TO DO. Every line of the records that contains "Large" should be tallied, and only the resulting number returned.

[Items from a data source]
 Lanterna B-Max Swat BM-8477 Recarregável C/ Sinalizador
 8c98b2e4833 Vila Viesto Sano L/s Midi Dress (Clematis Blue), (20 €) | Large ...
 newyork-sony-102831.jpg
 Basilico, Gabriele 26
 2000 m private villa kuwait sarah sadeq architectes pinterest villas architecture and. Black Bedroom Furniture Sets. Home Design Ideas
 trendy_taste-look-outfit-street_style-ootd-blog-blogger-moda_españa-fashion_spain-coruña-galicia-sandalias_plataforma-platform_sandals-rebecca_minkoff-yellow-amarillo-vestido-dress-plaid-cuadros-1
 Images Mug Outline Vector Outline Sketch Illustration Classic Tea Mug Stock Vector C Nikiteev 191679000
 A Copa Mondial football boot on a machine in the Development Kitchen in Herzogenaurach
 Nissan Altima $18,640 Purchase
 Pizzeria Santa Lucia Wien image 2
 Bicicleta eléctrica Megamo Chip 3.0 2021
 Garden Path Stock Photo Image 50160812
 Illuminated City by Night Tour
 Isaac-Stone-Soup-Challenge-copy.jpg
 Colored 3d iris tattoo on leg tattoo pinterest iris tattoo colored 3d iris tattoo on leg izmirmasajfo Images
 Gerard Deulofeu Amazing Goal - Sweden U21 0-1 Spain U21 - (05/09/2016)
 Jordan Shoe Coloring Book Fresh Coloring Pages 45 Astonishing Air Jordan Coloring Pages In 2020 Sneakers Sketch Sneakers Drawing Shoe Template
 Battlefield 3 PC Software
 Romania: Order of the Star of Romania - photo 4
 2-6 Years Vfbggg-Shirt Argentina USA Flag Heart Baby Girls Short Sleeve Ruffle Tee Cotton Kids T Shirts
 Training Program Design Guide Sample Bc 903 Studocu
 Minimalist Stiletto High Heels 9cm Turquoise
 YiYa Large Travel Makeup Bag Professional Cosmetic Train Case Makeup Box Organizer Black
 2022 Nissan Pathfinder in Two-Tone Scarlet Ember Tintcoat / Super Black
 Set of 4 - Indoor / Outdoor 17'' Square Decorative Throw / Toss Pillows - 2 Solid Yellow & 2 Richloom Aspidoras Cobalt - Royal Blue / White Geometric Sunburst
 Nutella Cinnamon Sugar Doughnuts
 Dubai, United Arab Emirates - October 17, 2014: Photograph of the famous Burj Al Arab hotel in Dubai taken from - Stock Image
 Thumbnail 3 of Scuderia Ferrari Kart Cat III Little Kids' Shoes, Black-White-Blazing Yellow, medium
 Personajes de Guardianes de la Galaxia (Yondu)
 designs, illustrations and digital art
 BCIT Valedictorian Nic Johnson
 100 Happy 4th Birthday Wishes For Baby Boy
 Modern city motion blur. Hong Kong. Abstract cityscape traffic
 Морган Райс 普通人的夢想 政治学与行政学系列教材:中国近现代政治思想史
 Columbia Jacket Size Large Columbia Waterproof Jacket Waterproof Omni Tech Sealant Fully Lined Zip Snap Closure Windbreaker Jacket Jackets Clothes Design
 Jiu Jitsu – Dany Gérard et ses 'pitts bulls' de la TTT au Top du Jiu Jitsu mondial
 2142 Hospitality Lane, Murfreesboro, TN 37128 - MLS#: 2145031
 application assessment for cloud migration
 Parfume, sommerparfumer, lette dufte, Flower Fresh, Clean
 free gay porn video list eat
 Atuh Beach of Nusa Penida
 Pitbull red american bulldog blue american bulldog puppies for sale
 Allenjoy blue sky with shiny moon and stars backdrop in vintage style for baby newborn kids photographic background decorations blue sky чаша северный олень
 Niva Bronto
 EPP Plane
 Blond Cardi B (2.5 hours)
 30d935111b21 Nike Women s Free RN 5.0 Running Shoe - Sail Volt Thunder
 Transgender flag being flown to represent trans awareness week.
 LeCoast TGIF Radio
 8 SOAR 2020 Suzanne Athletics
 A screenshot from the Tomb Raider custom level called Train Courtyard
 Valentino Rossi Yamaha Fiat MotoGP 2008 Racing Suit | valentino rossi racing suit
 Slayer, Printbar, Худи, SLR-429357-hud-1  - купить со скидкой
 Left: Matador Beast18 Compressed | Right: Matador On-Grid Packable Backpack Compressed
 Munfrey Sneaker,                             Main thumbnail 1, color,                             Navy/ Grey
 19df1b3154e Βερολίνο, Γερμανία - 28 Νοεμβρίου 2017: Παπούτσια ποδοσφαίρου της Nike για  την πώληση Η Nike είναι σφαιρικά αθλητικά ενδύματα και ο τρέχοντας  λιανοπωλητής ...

SOLUTION. 3